- _TASK DETAILS_:
The following data needs to be repeated exactly, with all images excluded.

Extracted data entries
*** Block opens ***

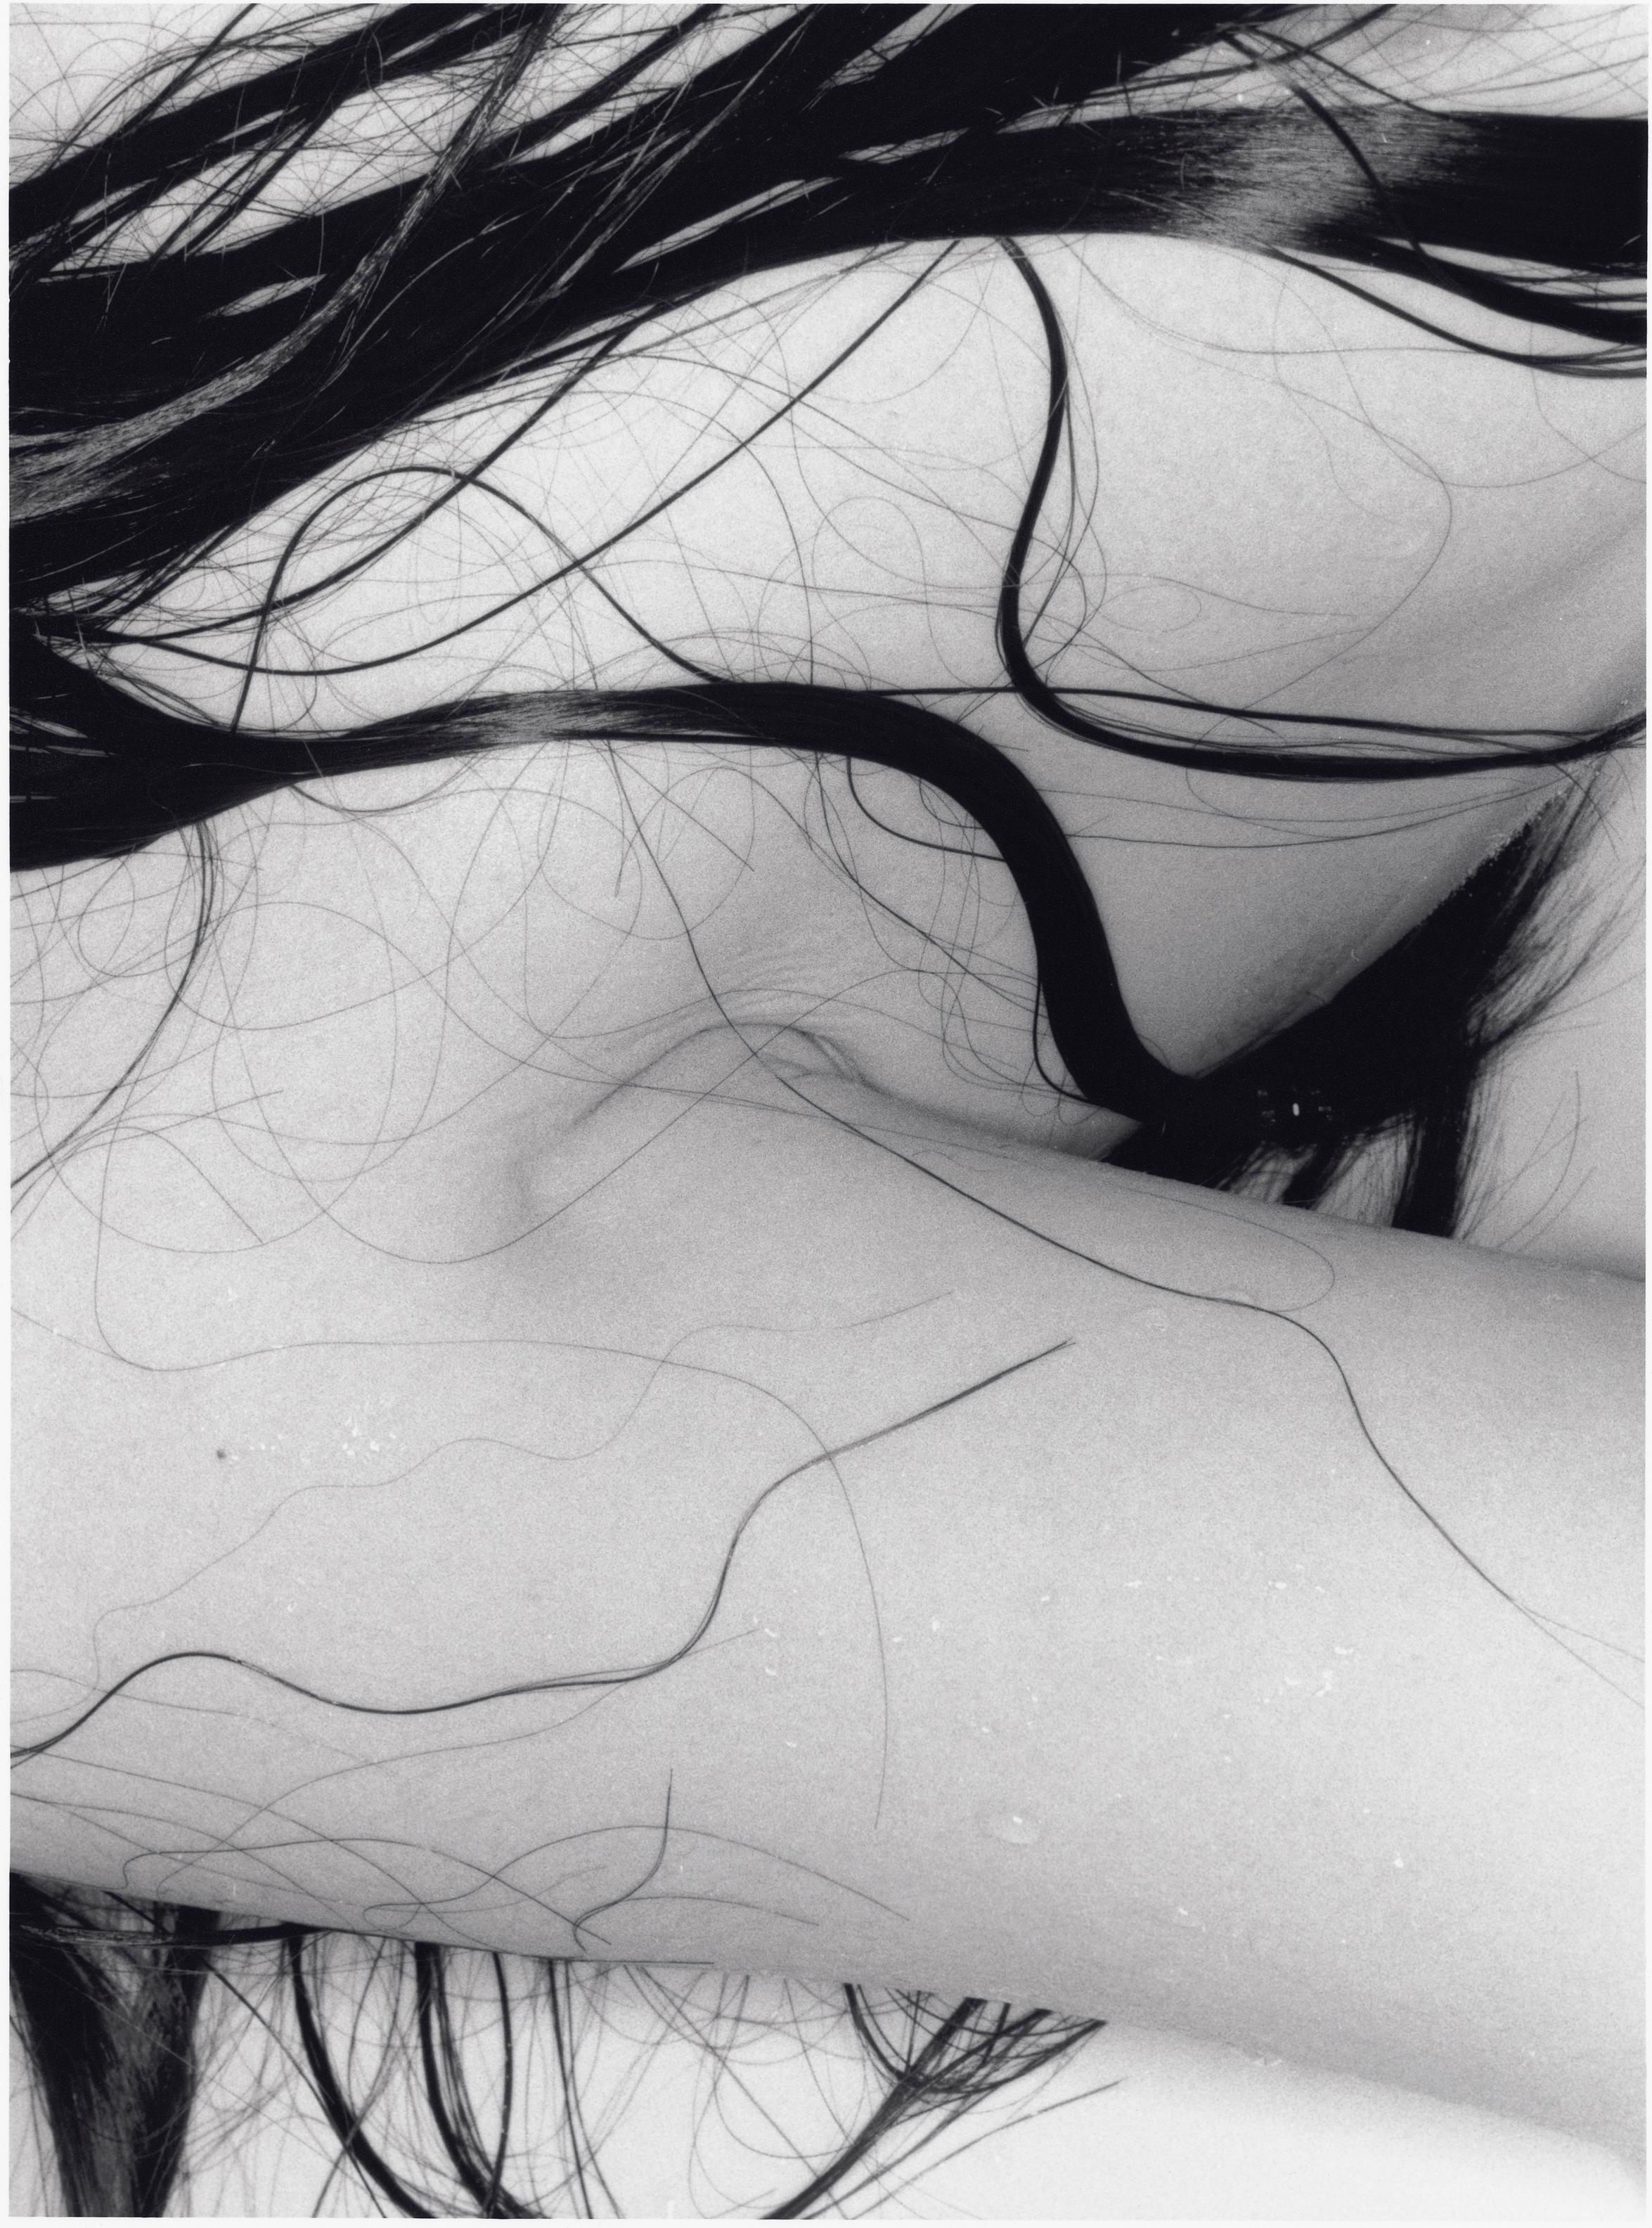 Nobuyoshi ARAKI (*1940, Japan)
Ohne Titel (Erotos), 1993
Gelatinesilberdruck
Blatt 101,6 x 76,2 cm (40 x 30 in.)
Nur drucken

- Nobuyoshi Araki
Nobuyoshi Araki (Tokio, 1940) ist ein in Tokio lebender Fotograf. Araki schloss sein Studium an der
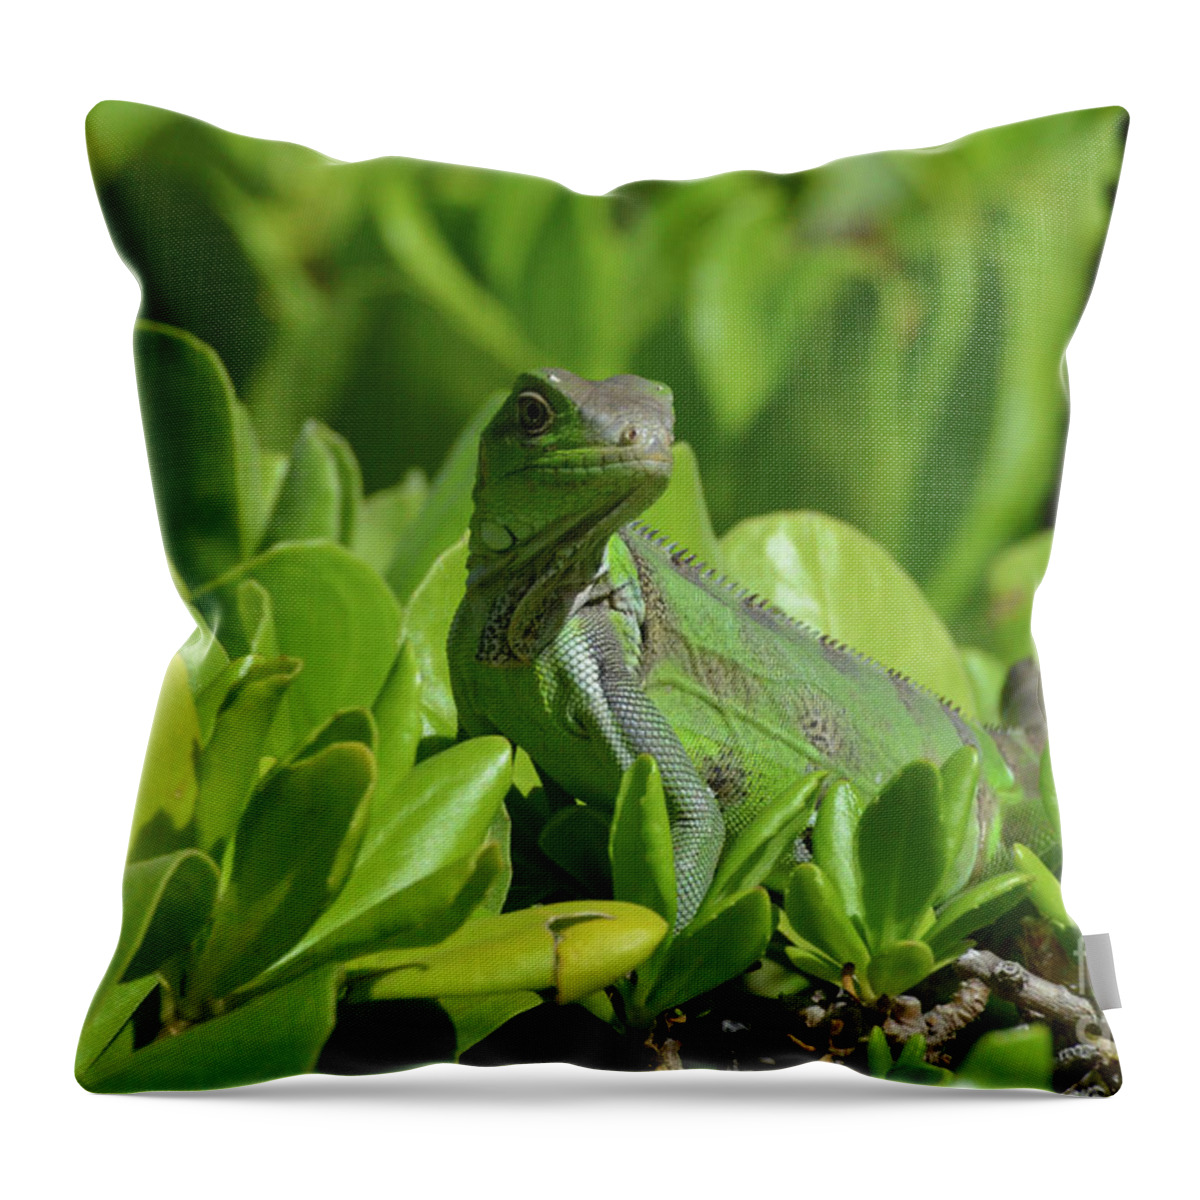 Iguana Throw Pillow featuring the photograph American Iguana Creeping through a Bush by DejaVu Designs

*** Block closes ***

- _ANSWER TO THE PROBLEM_:
 Nobuyoshi ARAKI (*1940, Japan)
Ohne Titel (Erotos), 1993
Gelatinesilberdruck
Blatt 101,6 x 76,2 cm (40 x 30 in.)
Nur drucken

- Nobuyoshi Araki
Nobuyoshi Araki (Tokio, 1940) ist ein in Tokio lebender Fotograf. Araki schloss sein Studium an der
 Iguana Throw Pillow featuring the photograph American Iguana Creeping through a Bush by DejaVu Designs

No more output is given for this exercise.